*What this task involves*. Your answer must be the line containing "Honda Civic Lx" and each following line to the end of the listing below, copied exactly, with pictures removed and nothing added.

*Available data*.
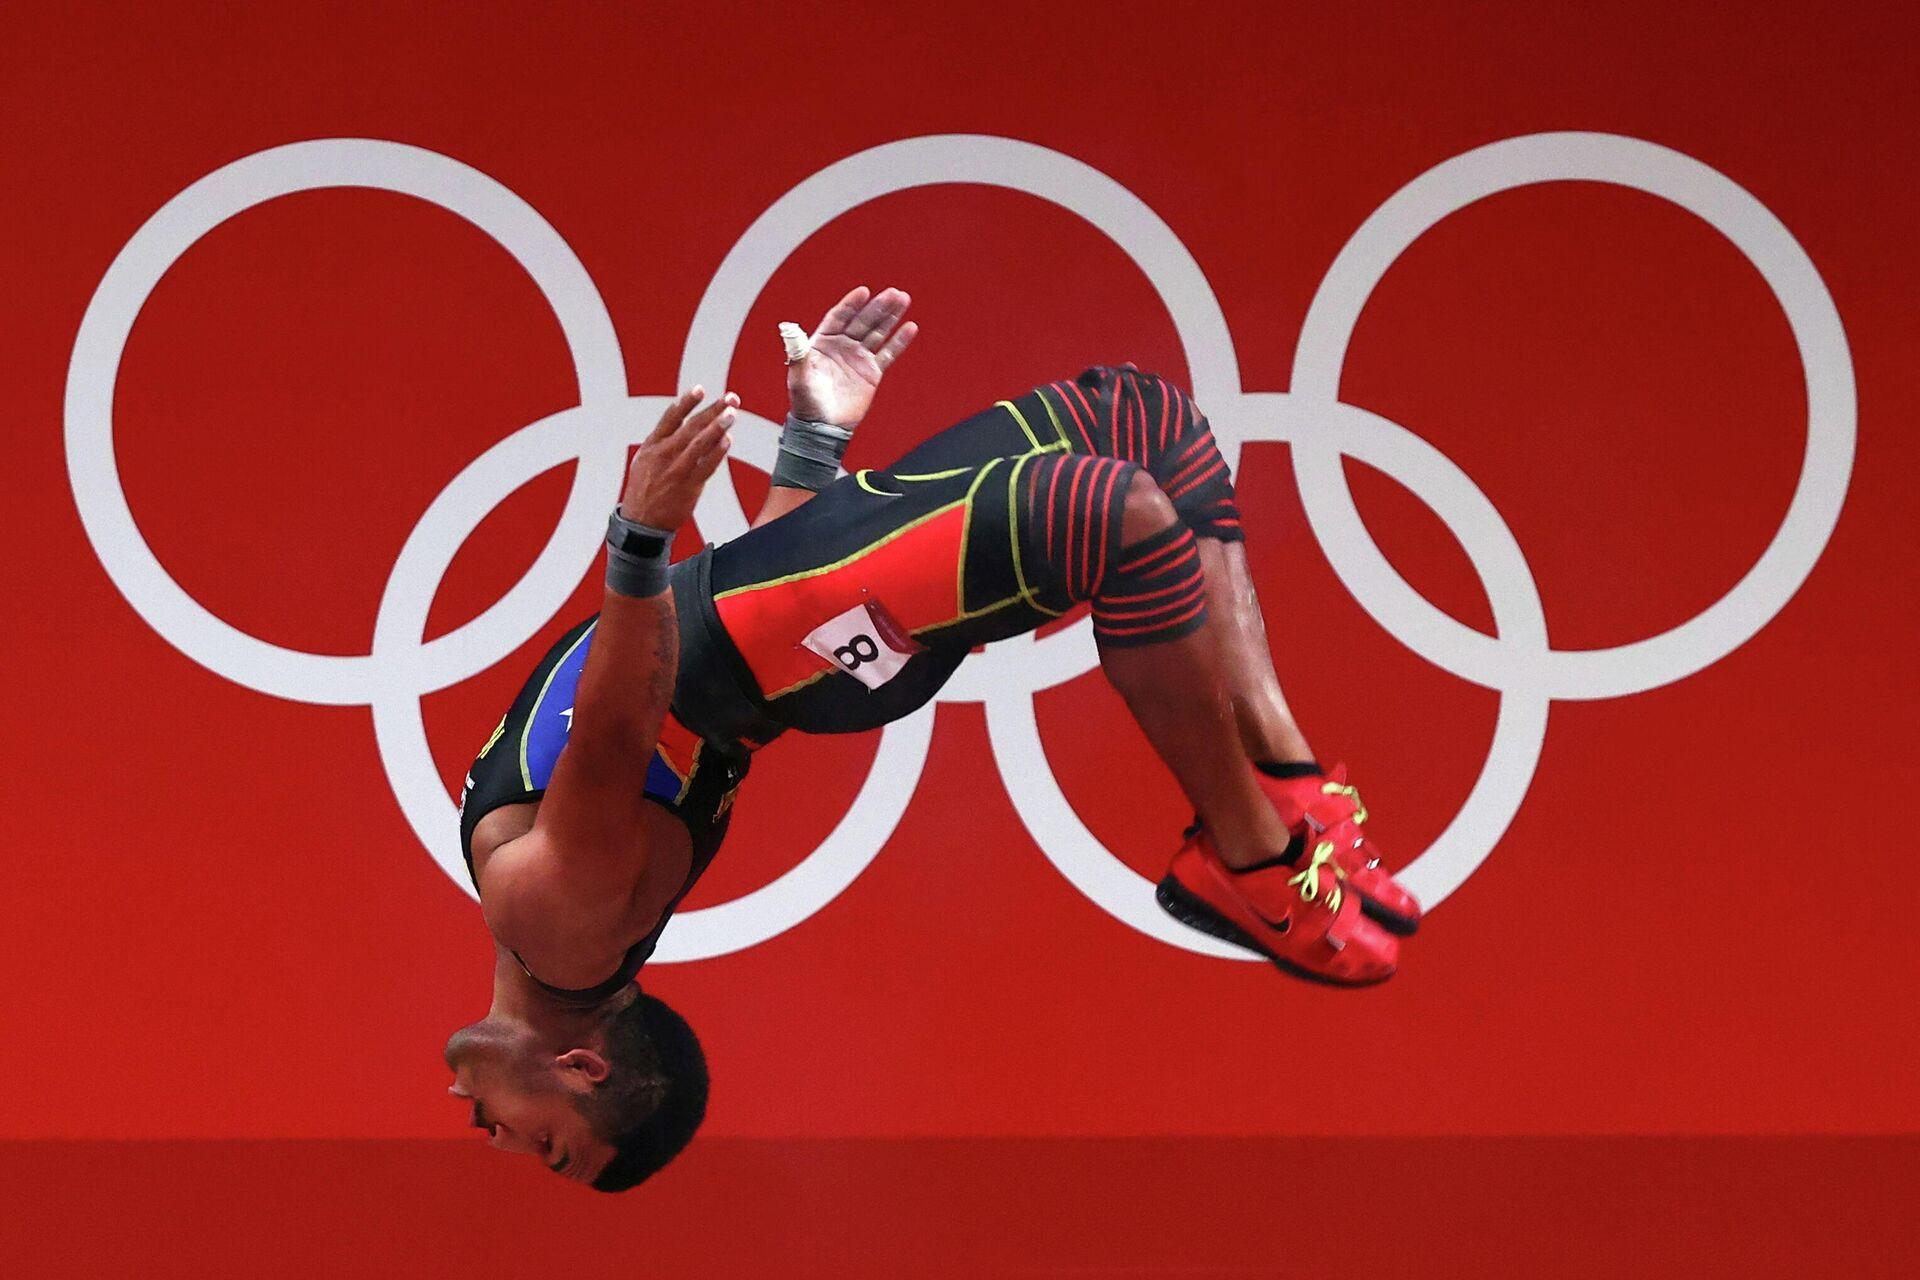 Tokyo 2020 Olympics - Weightlifting - Men's 73kg - Group A - Tokyo International Forum, Tokyo, Japan - July 28, 2021. Julio Mayora of Venezuela celebrates. REUTERS/Edgard Garrido     TPX IMAGES OF THE DAY - Sputnik Mundo, 1920, 30.07.2021
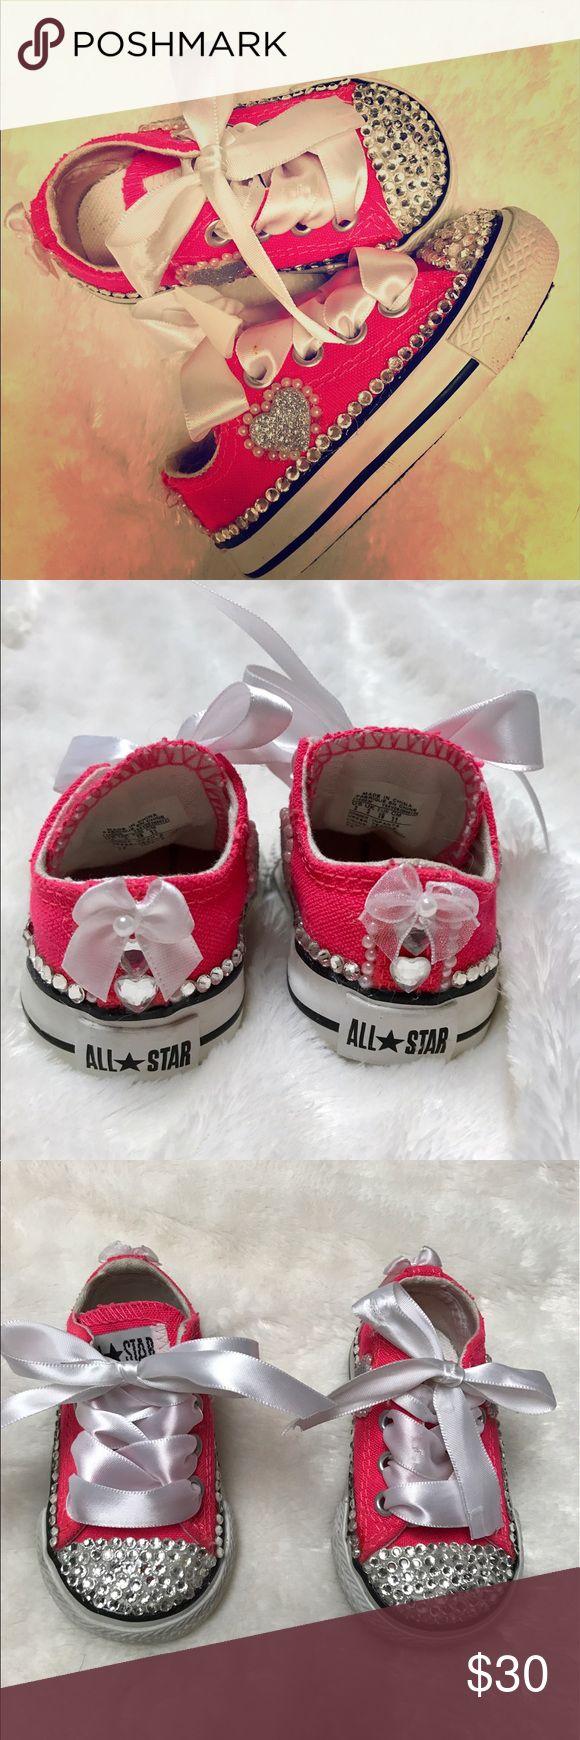 Converse Neon pink infants converse size 2 Converse Shoes Baby & Walker
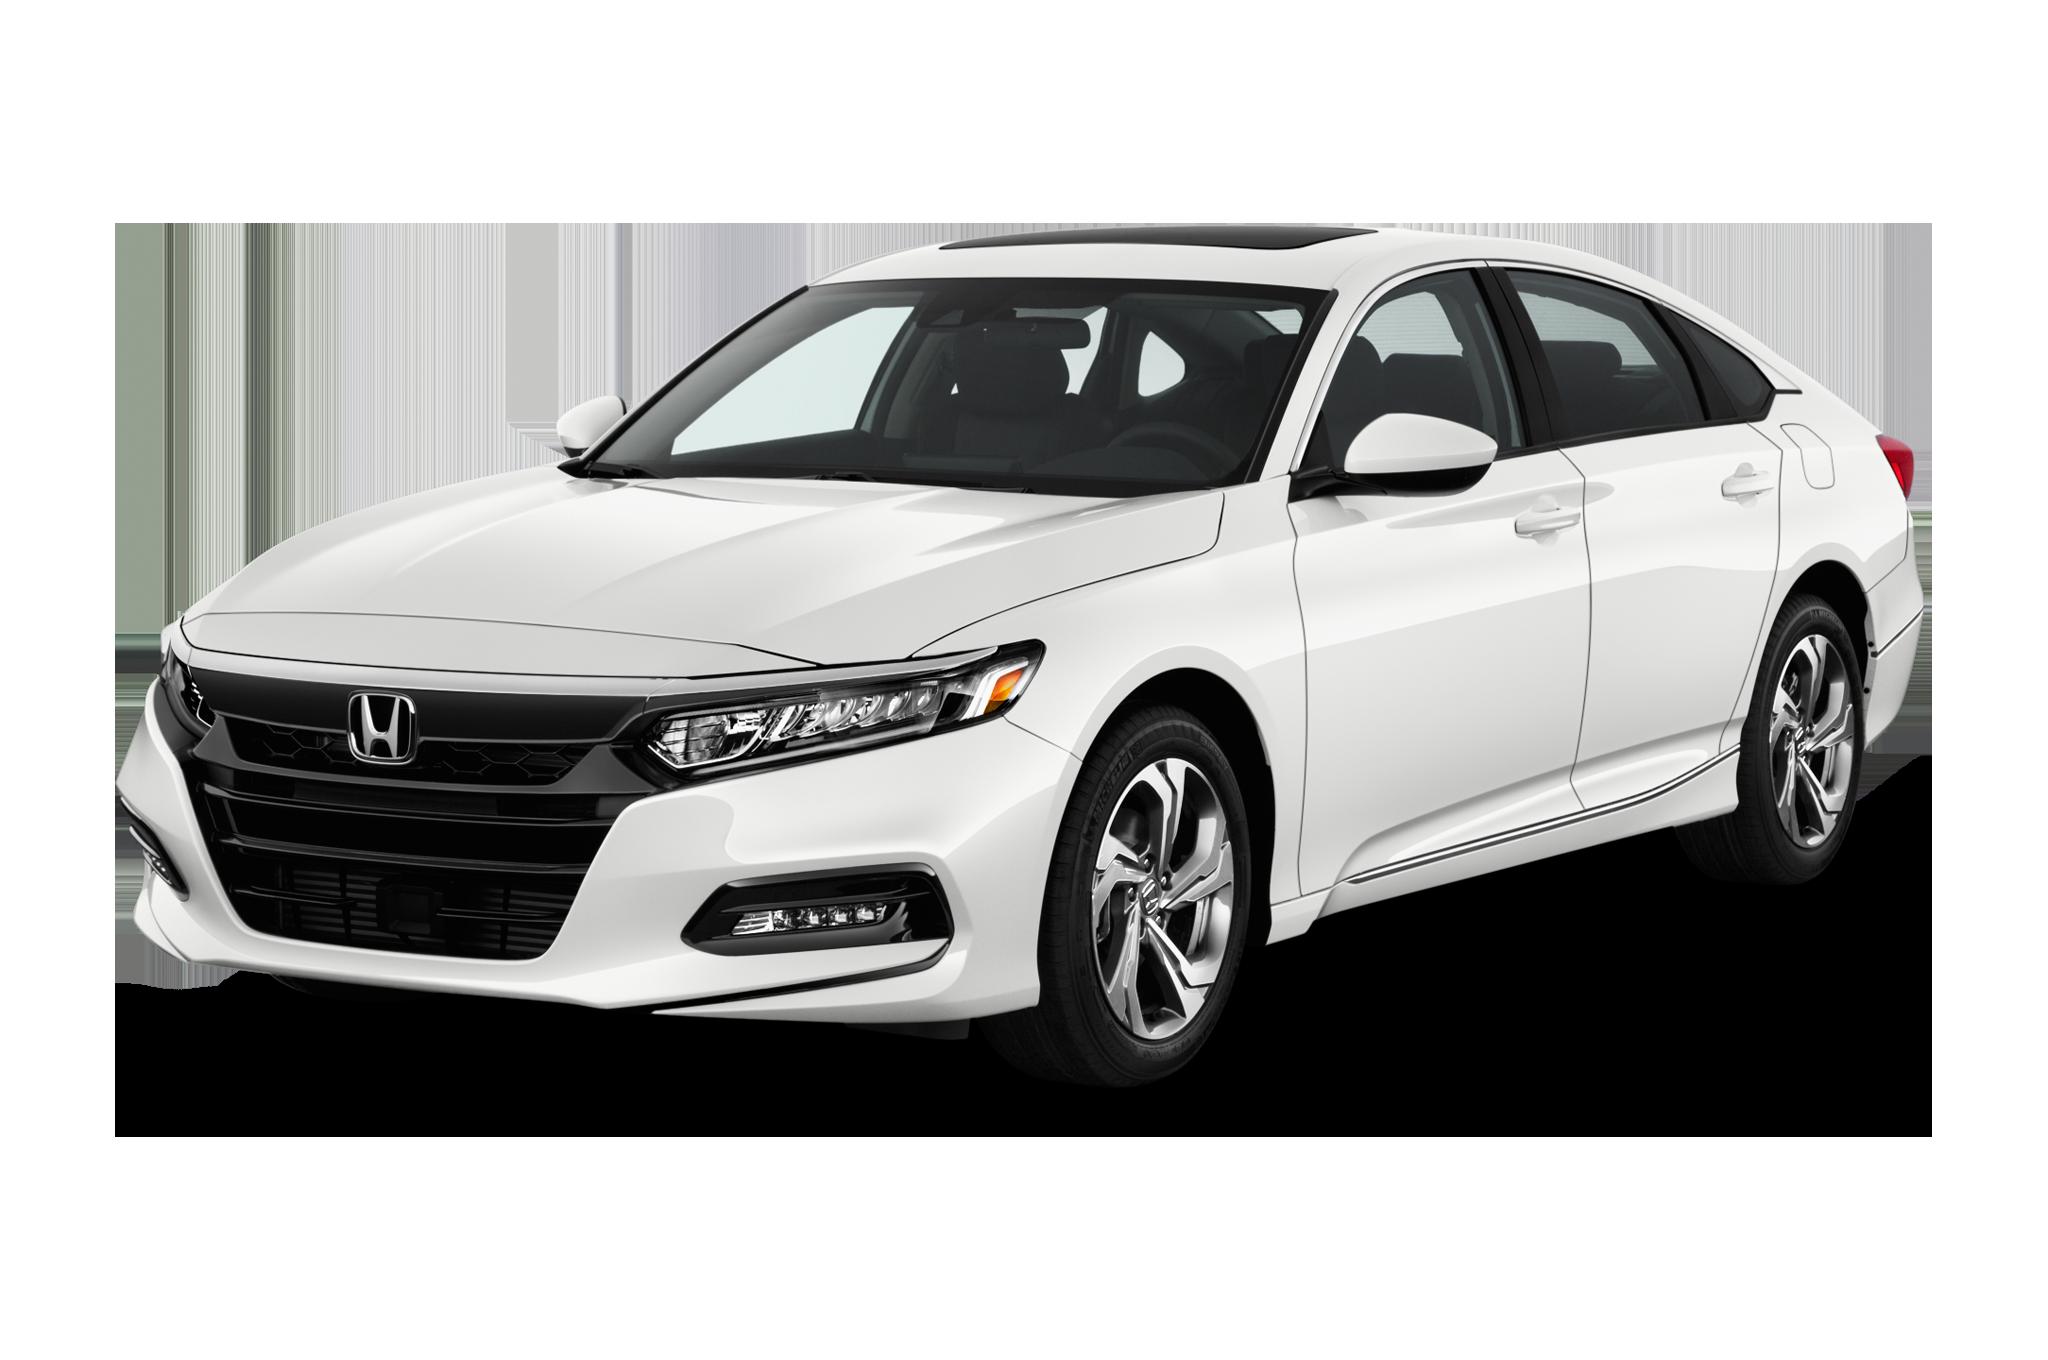 Honda Civic Lx Vs Ex >> 2019 Honda Accord Overview - MSN Autos
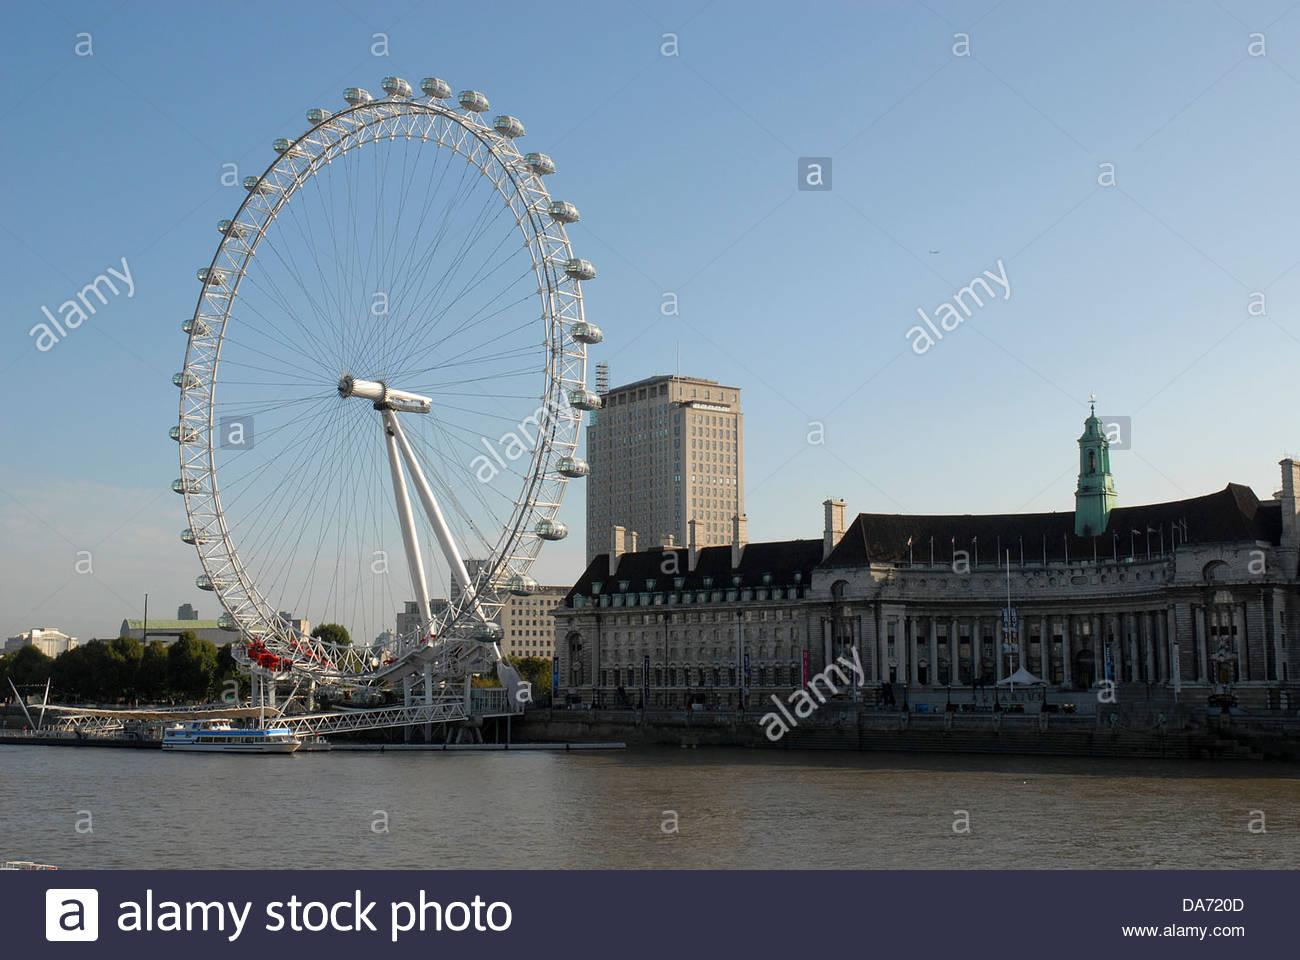 the merlin entertainments london eye,london,uk - Stock Image

*Task output*.
 Honda Civic Lx Vs Ex >> 2019 Honda Accord Overview - MSN Autos
 the merlin entertainments london eye,london,uk - Stock Image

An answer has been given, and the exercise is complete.